*Raw data*:
----

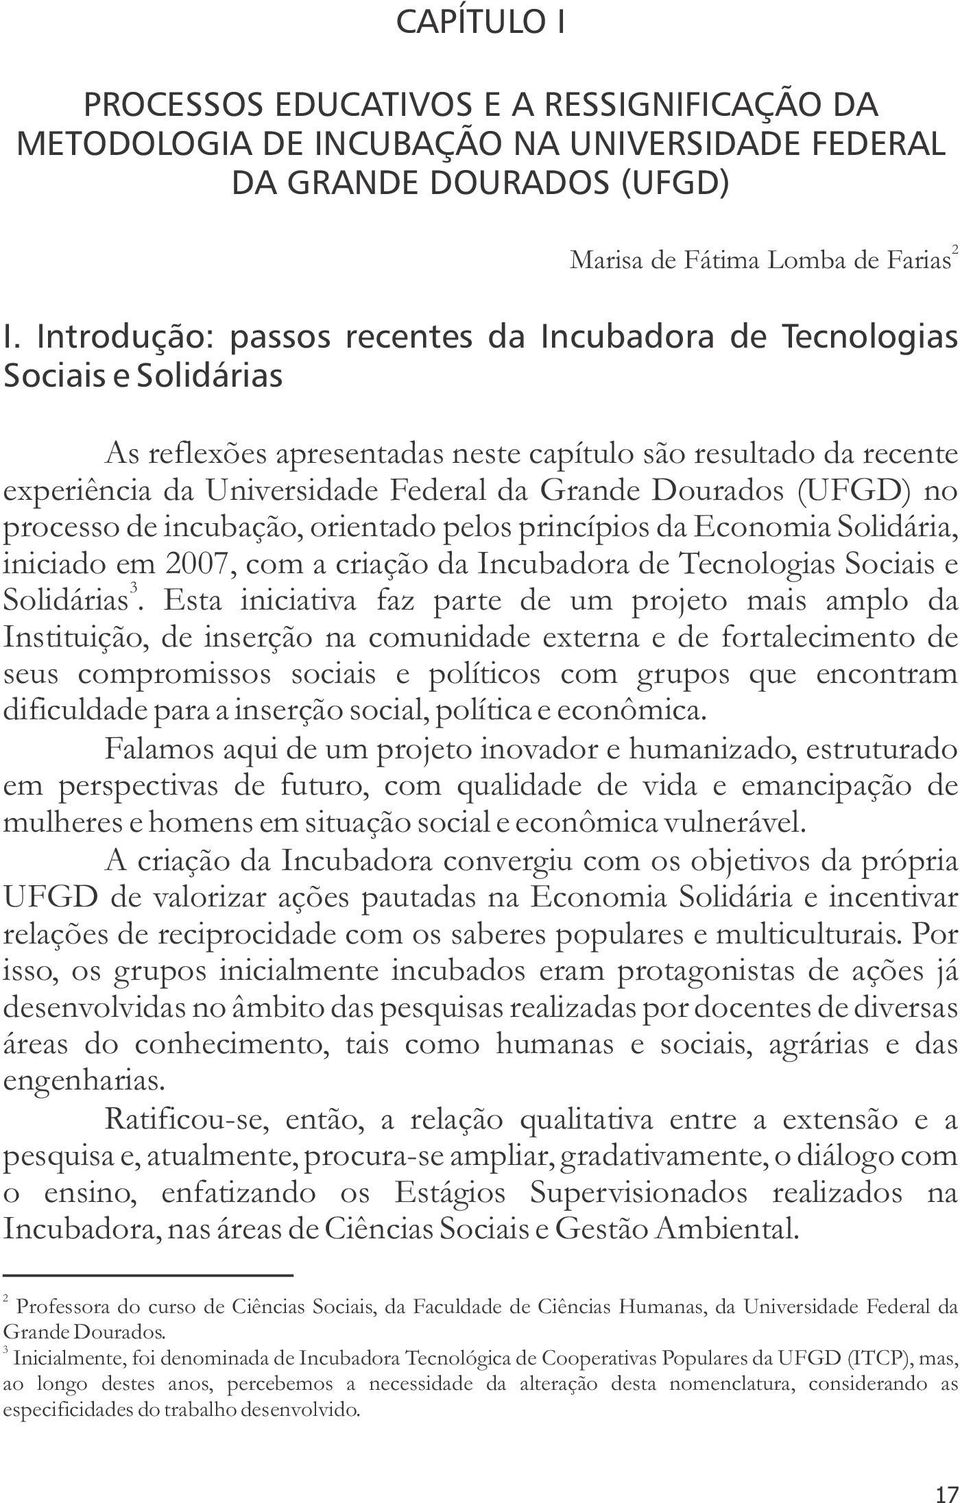 (UFGD) no processo de incubação, orientado pelos princípios da Economia Solidária, iniciado em 2007, com a criação da Incubadora de Tecnologias Sociais e 3 Solidárias.
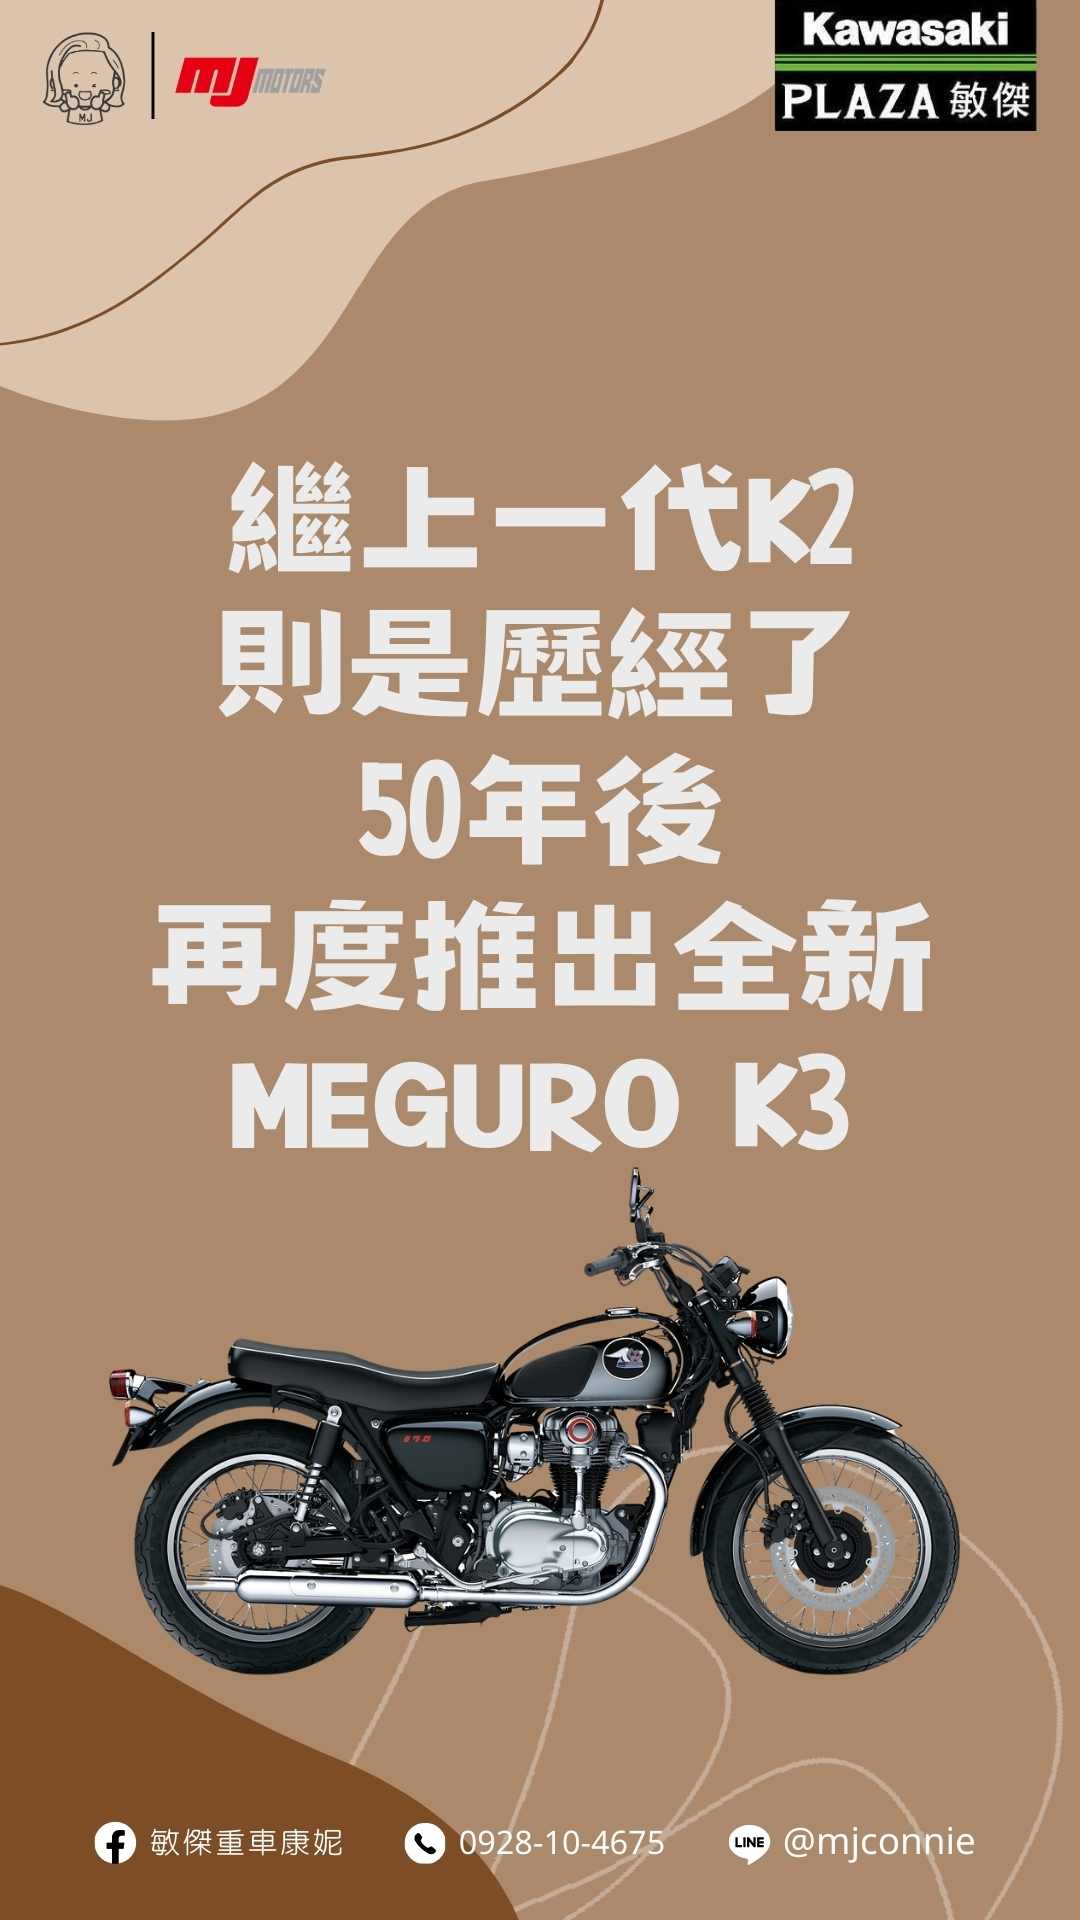 KAWASAKI W800新車出售中 『敏傑康妮』Kawasaki W800 Meguro K3 有歷史典故的車款 最值得收藏 現在就聯絡康妮 帶她回家 | 敏傑車業資深銷售專員 康妮 Connie
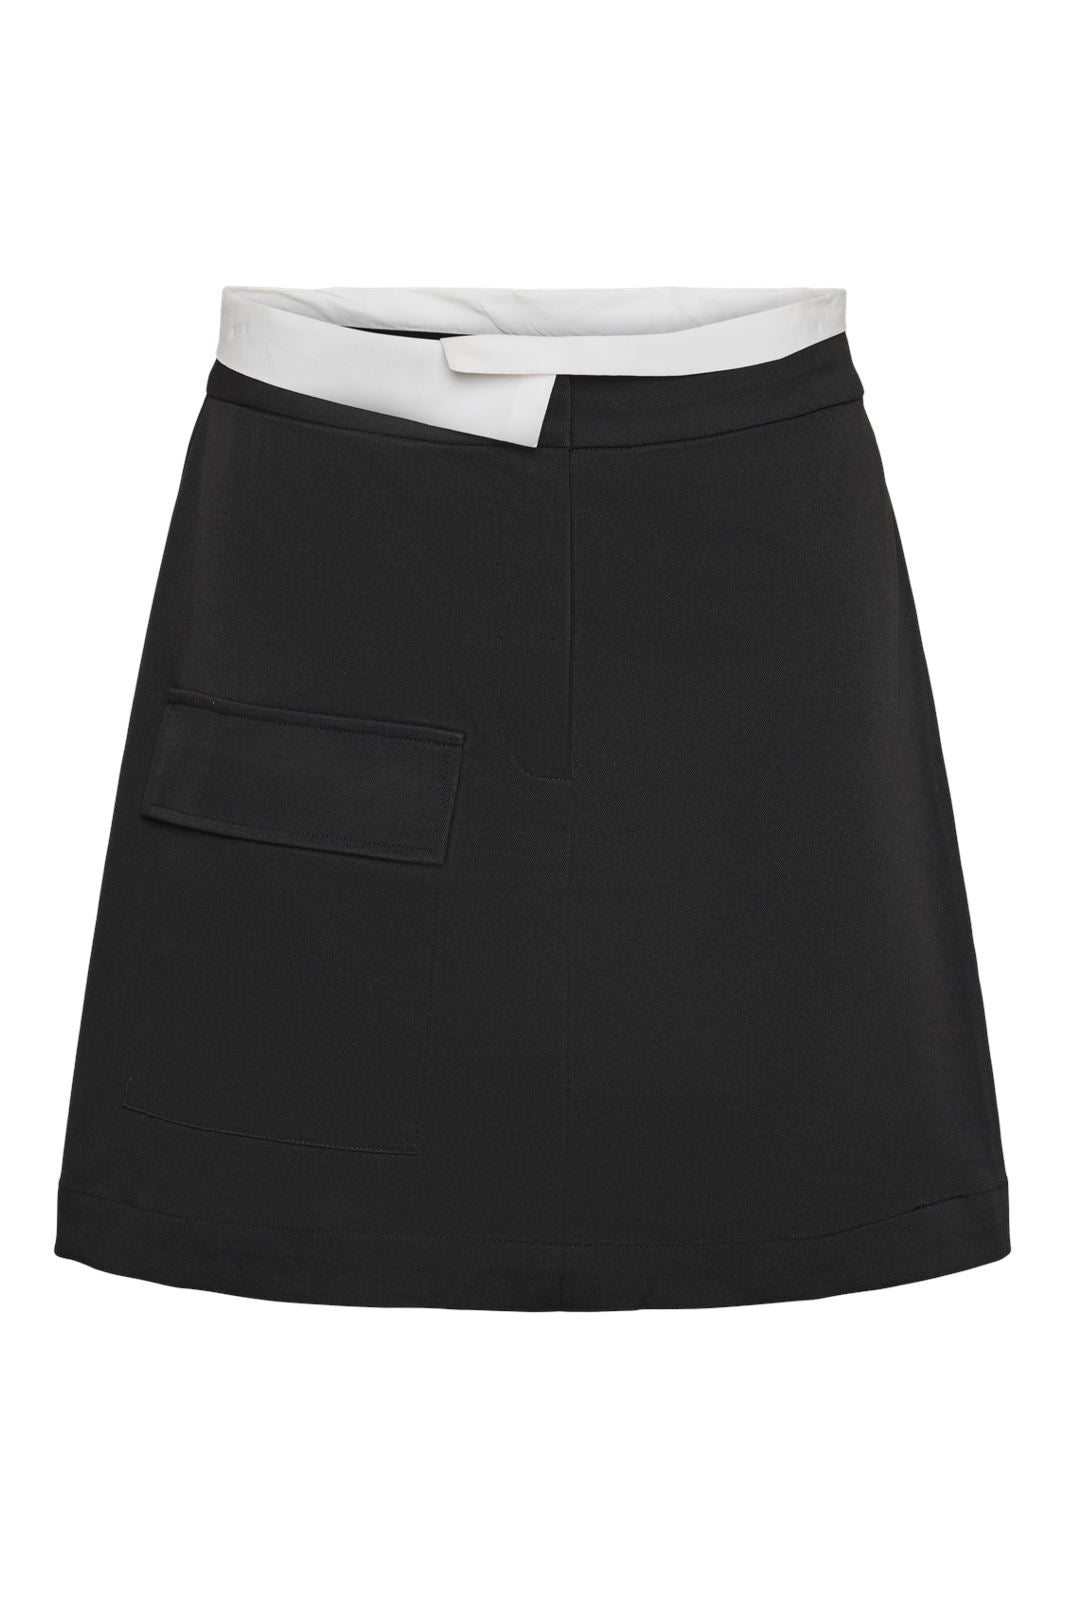 Pieces - Pctaylor Short Skirt - 4623630 Black

----

*Brief*:
In the material above, retype exactly the lines that run from the one containing "KAWASAKI W800新車出售中 『敏傑康妮』Kawasaki" through the last line, and keep out the pictures.

*Response to this exercise*:
 KAWASAKI W800新車出售中 『敏傑康妮』Kawasaki W800 Meguro K3 有歷史典故的車款 最值得收藏 現在就聯絡康妮 帶她回家 | 敏傑車業資深銷售專員 康妮 Connie
 Pieces - Pctaylor Short Skirt - 4623630 Black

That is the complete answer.